Are we alone in the universe? NASA is not yet ready to answer that as the agency recently denied that the press conference concerning Jupiter's moon Europa, scheduled on Monday, Sept. 26, is "not about aliens."
NASA announced in a
media advisory that it would be conducting a press conference regarding Jupiter's icy moon Europa. Europa is believed to hold huge oceans underneath its surface. If there are indeed liquid water on the satellite, then the possibility of finding some sort of microorganism or any other life-form is viable.
In the advisory, NASA said it will conduct a teleconference announcing the findings of NASA/ESA Hubble Space Telescope about the Jovian moon, Europa.
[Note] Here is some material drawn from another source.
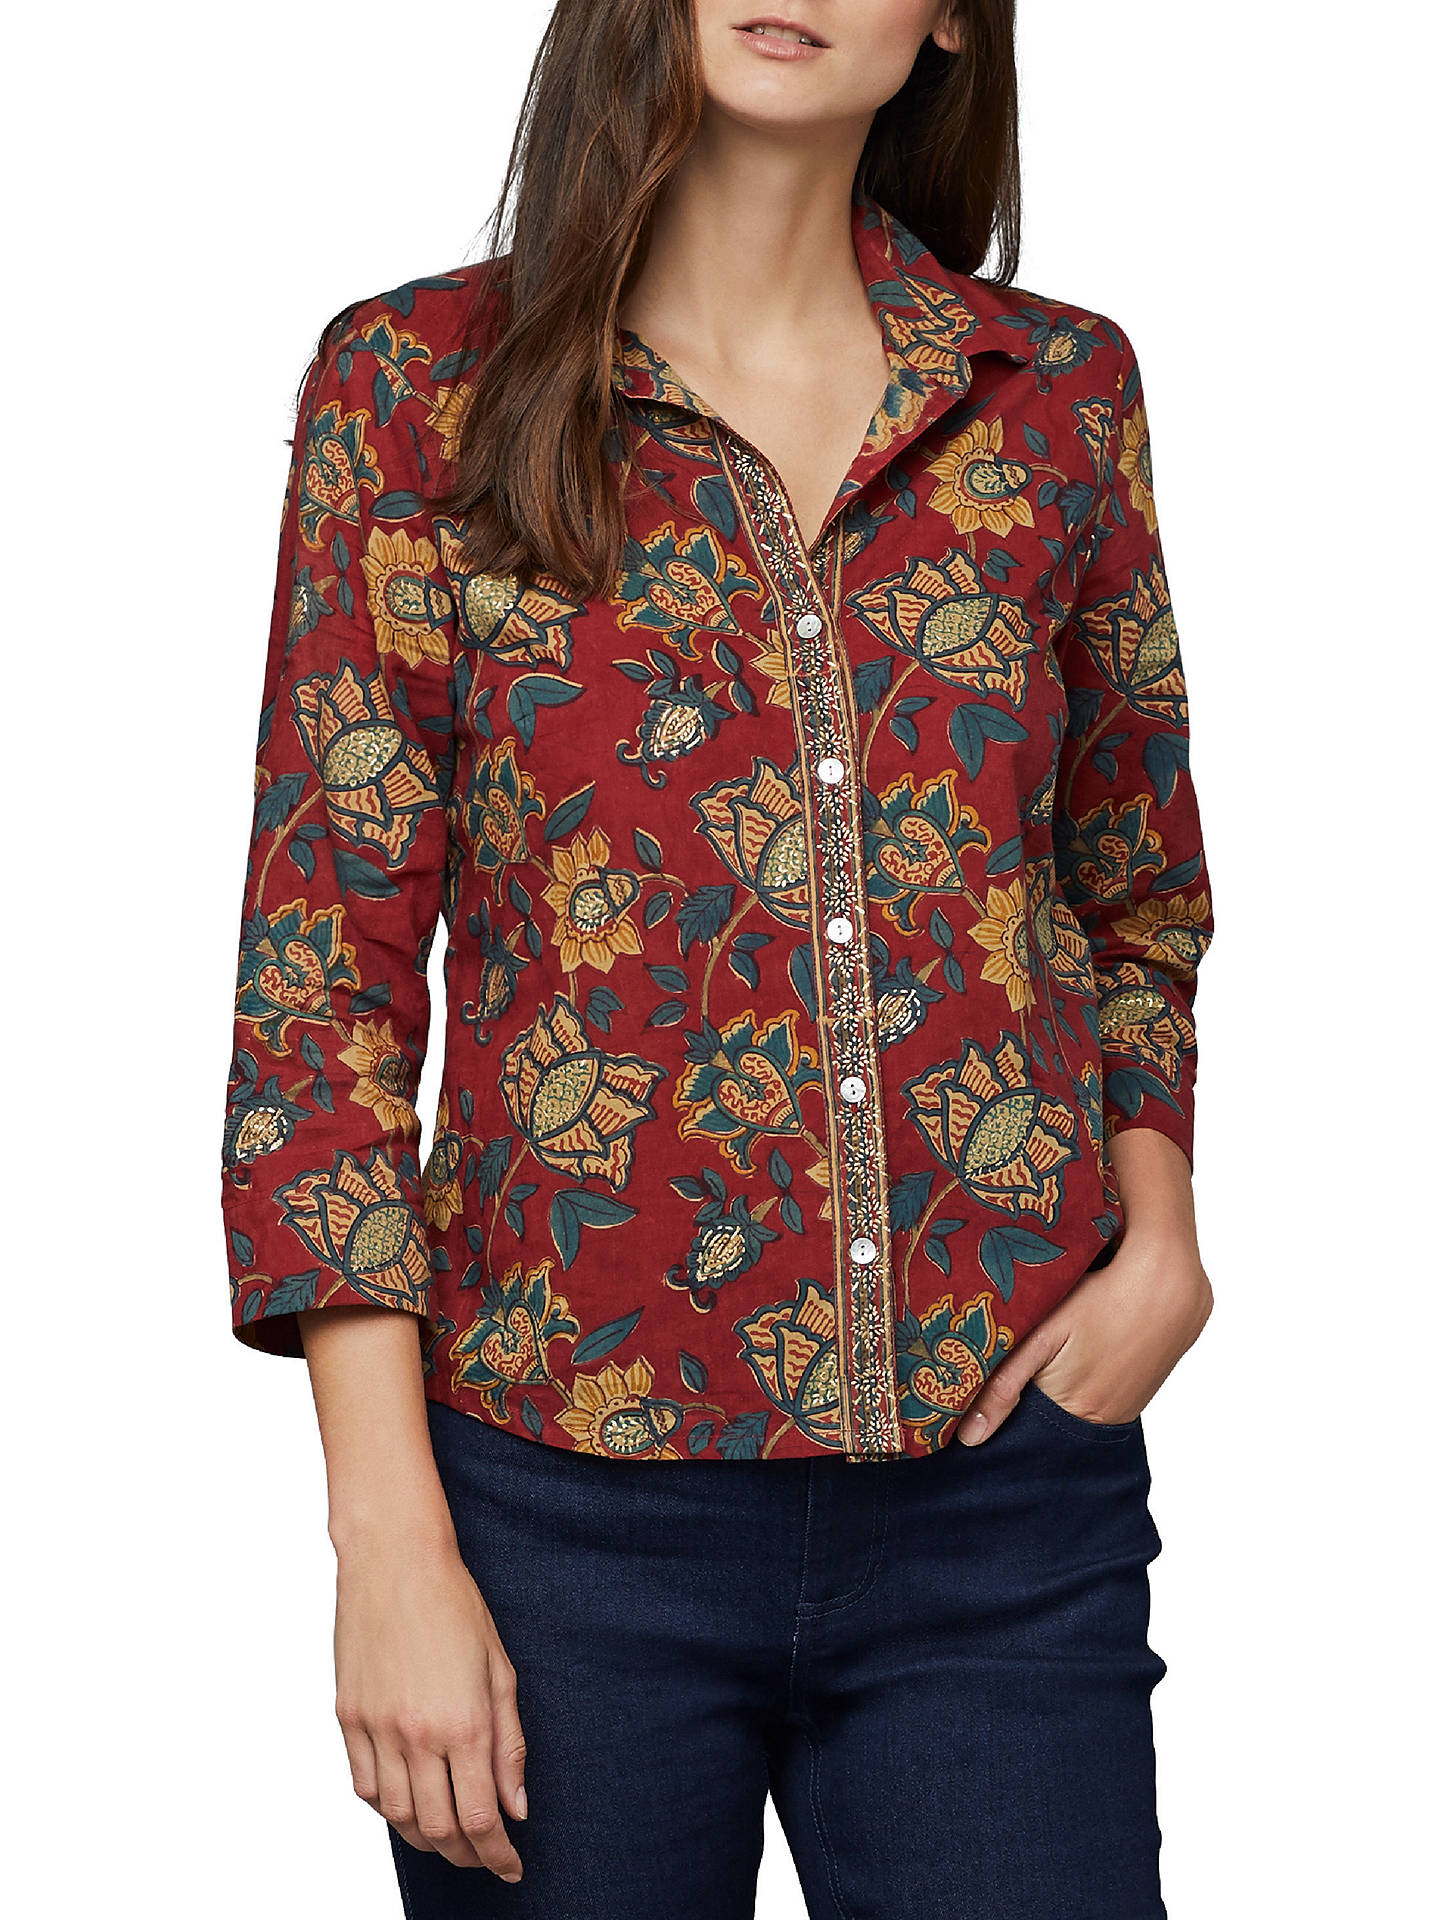 cbc486cb434 Buy East Anokhi Shirin Print Shirt, Red/Multi, 10 Online at johnlewis.

The astronomers that will discuss the "surprising findings are Paul Hertz, director of the Astrophysics Division at NASA Headquarters in Washington, William Sparks, astronomer with the Space Telescope Science Institute in Baltimore, Britney Schmidt, assistant professor at the School of Earth and Atmospheric Sciences at Georgia Institute of Technology in Atlanta and Jennifer Wiseman, senior Hubble project scientist at NASA's Goddard Space Flight Center in Greenbelt, Maryland; a full house of experts that can only mean that the agency is dropping something big. But not as big as extra-terrestrials.